Разве плохую жену выбрал тебе Джэсэгэй-батыр? Разве хотун Борте не любовь и опора твоя? Затем пришла Есуй, а привела ее Ожулун. Вместе с дочерью татарского хана пришли в твой стан и мореподобные татарские орды. Есуй оказалась не только красива и ласкова, но и умна: едва переступив порог твоей юрты, она упросила новую родню найти свою старшую сестру и взять ее третьей женой. И это после двадцати лет твоего единобрачия, а плох ли конечный счет? Да кончен ли он: одна Ыбаха перетянет все светлое во мрак, она одна, как ветер над полем одуванчиков, оголит стебель души, и душа покажется себе одинокой. Вот Ыбаха так Ыбаха! Вот уж кэрэитское семя!

…Некогда они, кэрэиты, кочевали по бывшим уйгурским землям Халхи, а шли от племени бикин, что сродни найманам, которое кануло в бездну времени бесславно. Первый государь кэрэитов Мэргуз Буюрук-хан был замучен цзиньцами-джирдженами, которым отдали его, полоненного, татары. Престол перешел к старшему сыну Худжатуру, а уж потом к ван-хану Тогрулу. Тогрул сделал вид, что забыл, кто замучил его деда, когда принимал от цзиньского императора титул «ван», но и великий батыр Джэсэгэй, и его сын Тэмучин помогали ему удерживать престол в битвах против гур хана и младшего брата Эрке, что был в союзе с теми же найманами. Да, они помогали, но не сами кэрэиты: они постоянно бузили как против своего хана, так и против Тэмучина, будучи вроде бы в союзе с ним. И тогда, не желая крови и распрей, Тэмучин взял в жены дочь единокровного брата ван-хана Джаха-Хамбая, и имя ей было – Ыбаха. Ну, Ыбаха так Ыбаха, ан нет же, обернулась упрямой, своенравной, ревнивой и злокозненной! Как и ее сородичи, не единожды битые и прощенные Тэмучином, которых он считал не врагами, а всего лишь военным противником, не хотели быть равными среди многих, так и она, одна из жен хана, все считала себя ущербной, ущемленной, обиженной своим положением!
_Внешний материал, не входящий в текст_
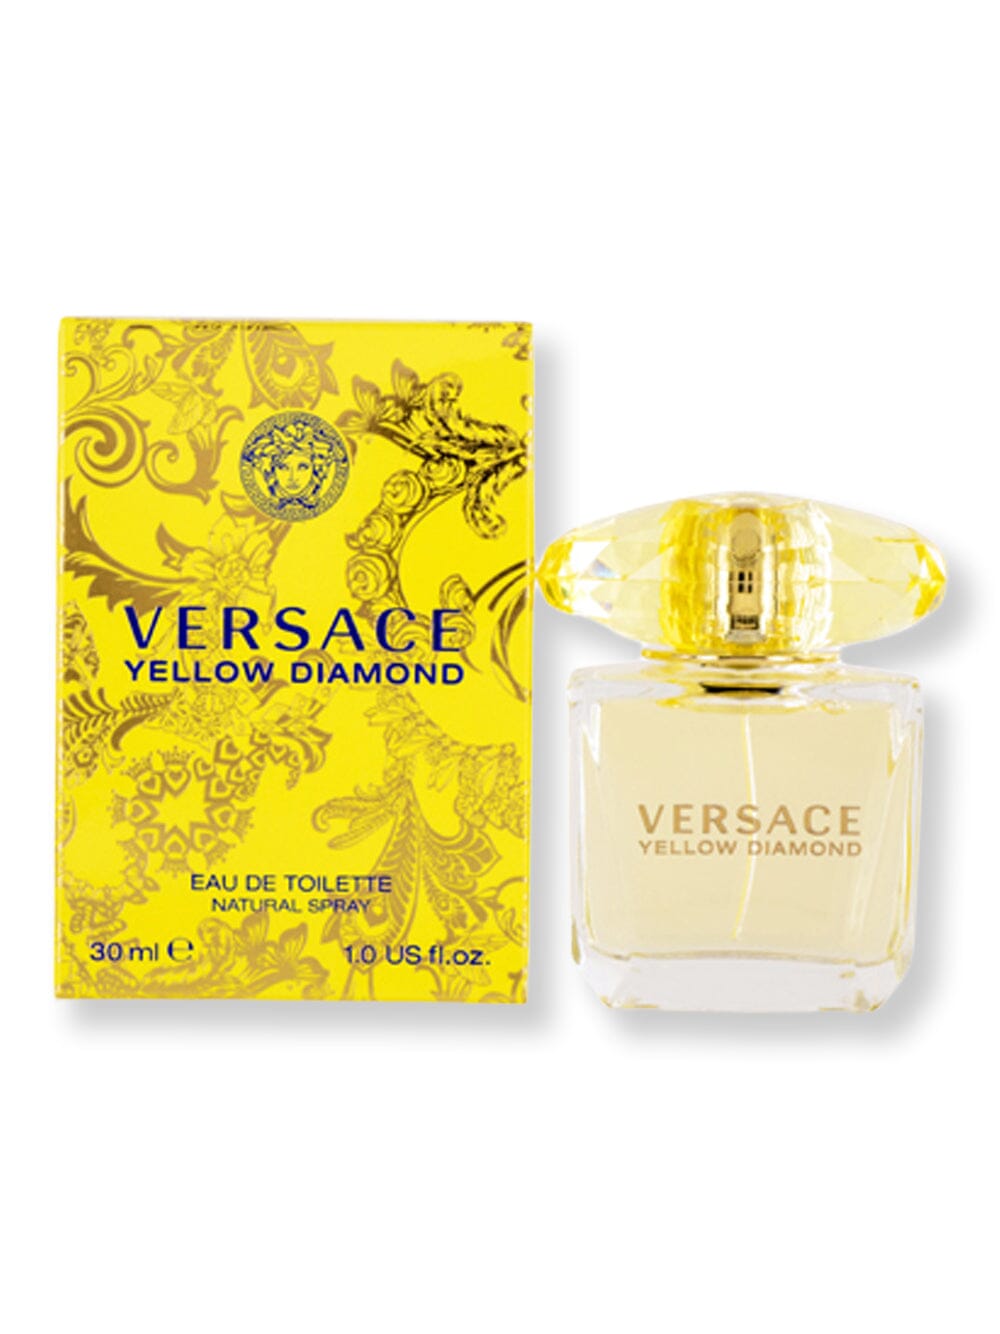 Versace Versace Yellow Diamond EDT Spray 1 oz Perfume 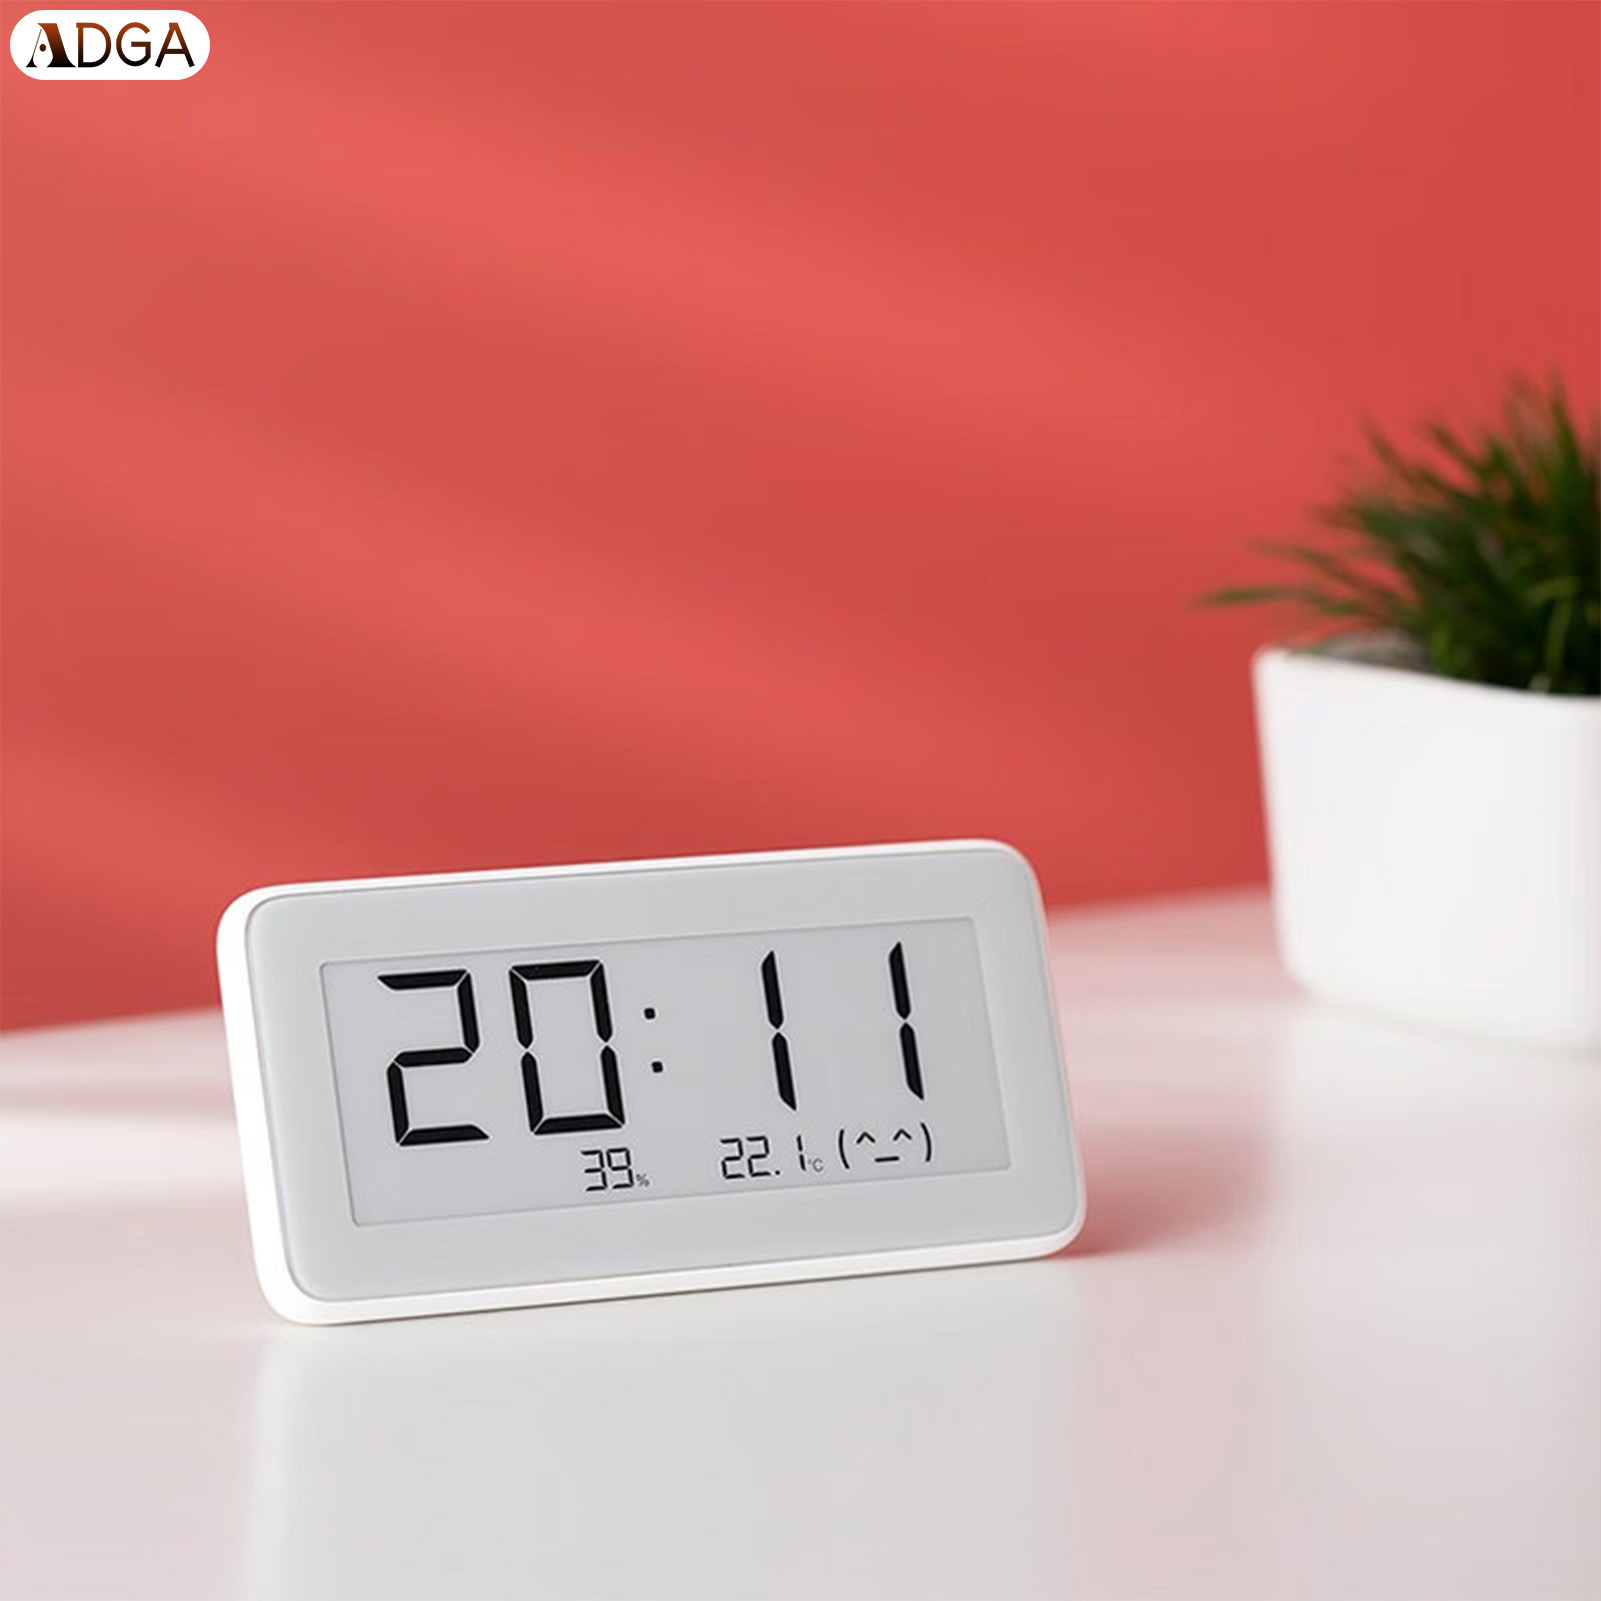 Adga giám sát thông minh ứng dụng máy đo độ ẩm điện tử chuyên nghiệp và

Поговаривали, что она смущает мирный дух и той части кэрэитов, которая готова длить свои дни в согласии с волей Тэмучина. Что ж, теперь еще и со своенравными мэркитами идти к миру той же тропой?.. Мало того, что Угэдэя женили на дочке старшего сына Тохтоо-Бэки и мэркиты все равно не признают за хотун девятилетнюю Дергене, так его самого, о ком уже кочуют легенды по всей Поднебесной, мать хочет женить на мэркитке!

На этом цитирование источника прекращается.